At step 435, this alternating and iterative optimization procedure continues for each element of the rank-k eigen-vector U. An iteration of eigen-value matrix S is calculated, step 440. At step 445, a determination is made whether there are more elements in U. If there are more elements, process 400 returns to step 435, else it proceeds to step 450.
At step 450, a determination is made whether there are more monitored component data points in the selected time series data. If there are more monitored component data points, process 400 returns to step 415, else it proceeds to steps 455 and 460.
A fault score for the selected period of interest is calculated (EQ. 4), step 455. Also, elements of root cause indicator vector r are calculated (EQ. 3), step 460. Elements of the root cause indicator vector above a predetermined fault score threshold value are identified, step 465. Graphical representations of the fault score and the root cause indicator are generated.
The fault score graphical representation can include the selected time series data and a visual indication of any fault regions within the selected time series data that is above a predetermined threshold.
An embodying RoFaD algorithm implements an online learning method as the algorithm can adapt to concept drift and/or running environment change. The RoFaD algorithm is based on graph theory to analyze time series data and find those gradual changes that starts from certain components/nodes of the graph, then propagates to the rest of the graph's nodes, where such change maintains a stability within a certain period of time. The RoFaD algorithm is robust to any transient change or noise based on sensor readings without the need for controller signals or any information from a controller.
In accordance with some embodiments, a computer program application stored in non-volatile memory or computer-readable medium (e.g., register memory, processor cache, RAM, ROM, hard drive, flash memory, CD ROM, magnetic media, etc.) may include code or executable program instructions that when executed may instruct and/or cause a controller or processor to perform methods discussed herein such as a method of analyzing time series data to determine a fault score and identify root cause indicator, as disclosed above.

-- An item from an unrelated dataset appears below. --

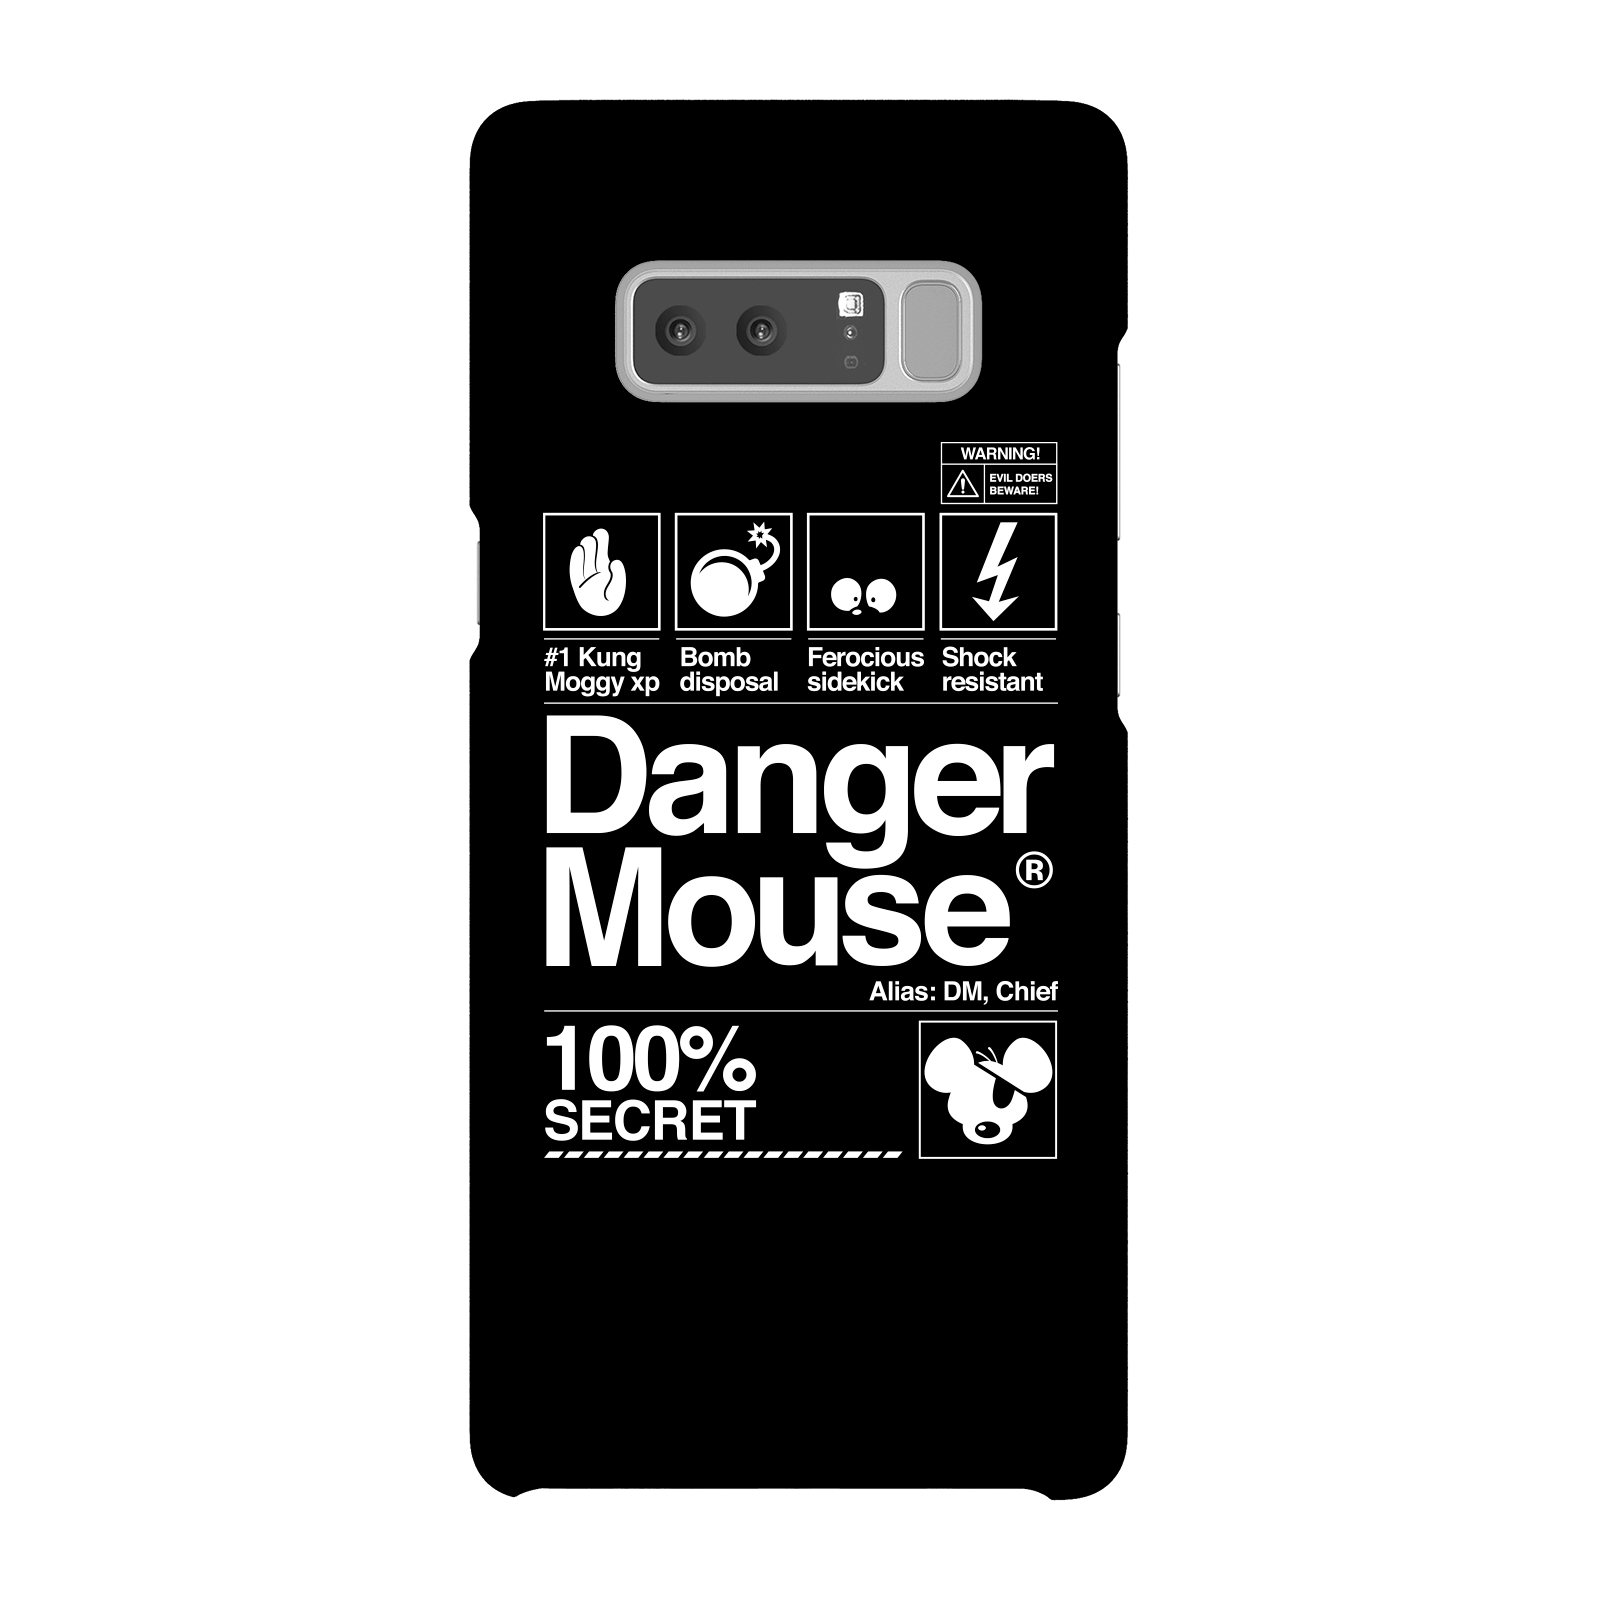 Danger Mouse 100% Secret Phone Case for iPhone and Android - Samsung Note 8 - Snap Case - Matte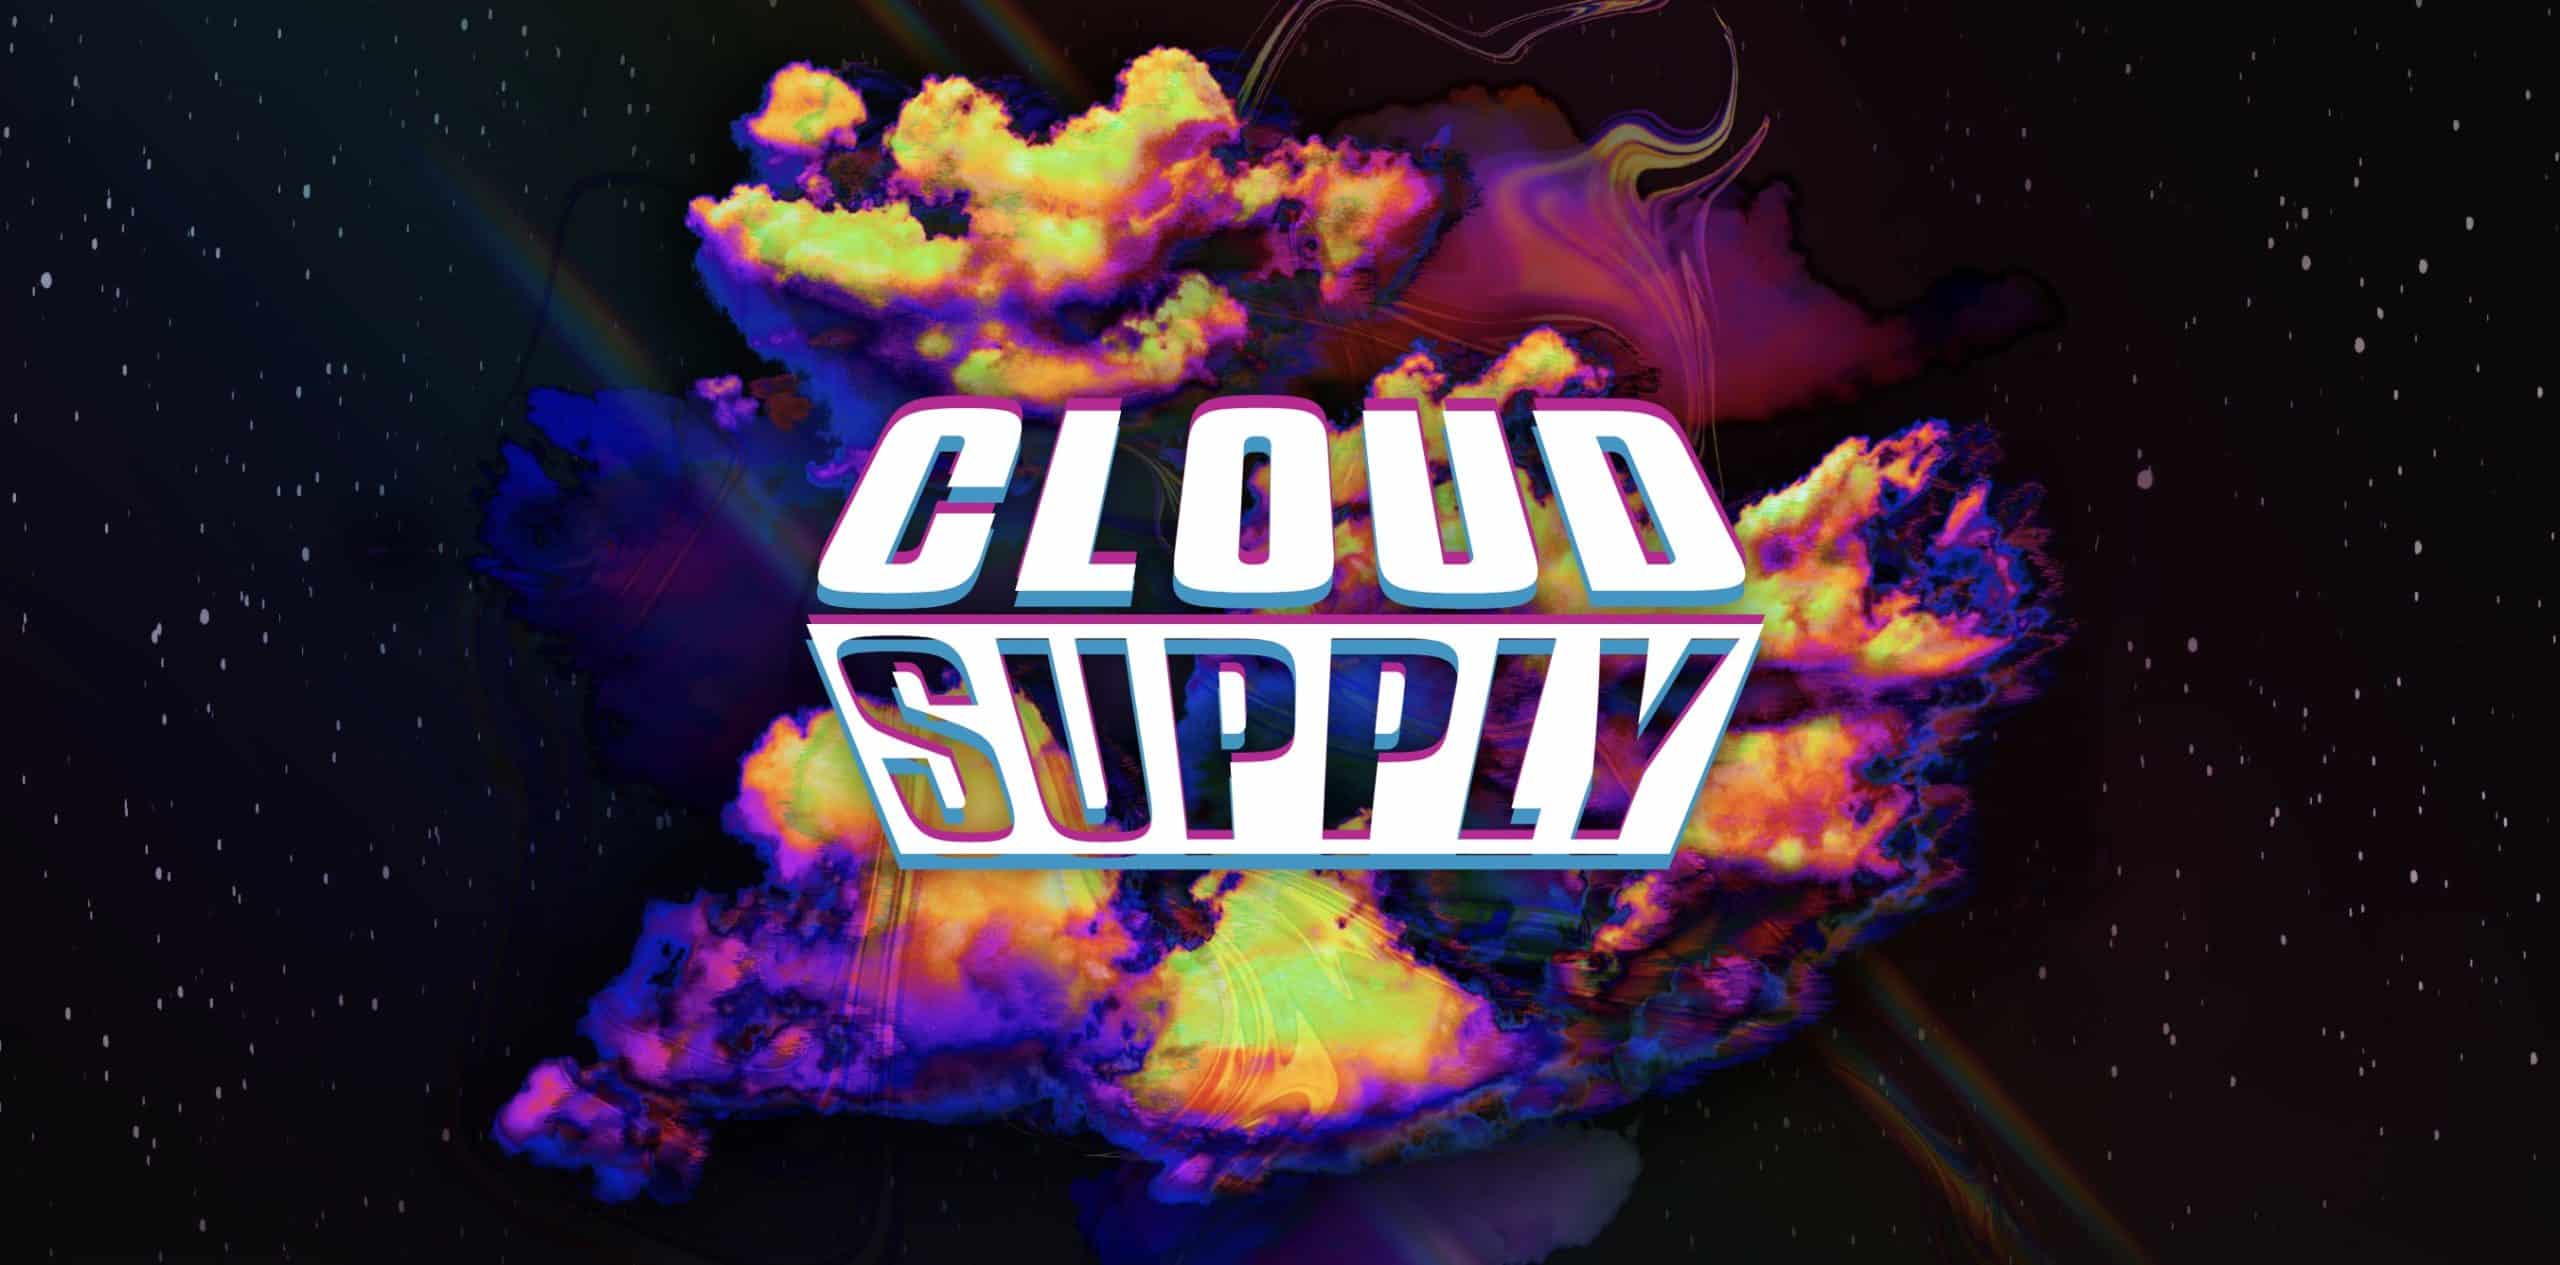 NATIVE INSTRUMENTS Launches CLOUD SUPPLY | Nebular trap melodics

The computer-readable medium may be a non-transitory computer-readable media including all forms and types of memory and all computer-readable media except for a transitory, propagating signal. In one implementation, the non-volatile memory or computer-readable medium may be external memory.
Although specific hardware and methods have been described herein, note that any number of other configurations may be provided in accordance with embodiments of the invention. Thus, while there have been shown, described, and pointed out fundamental novel features of the invention, it will be understood that various omissions, substitutions, and changes in the form and details of the illustrated embodiments, and in their operation, may be made by those skilled in the art without departing from the spirit and scope of the invention. Substitutions of elements from one embodiment to another are also fully intended and contemplated. The invention is defined solely with regard to the claims appended hereto, and equivalents of the recitations therein.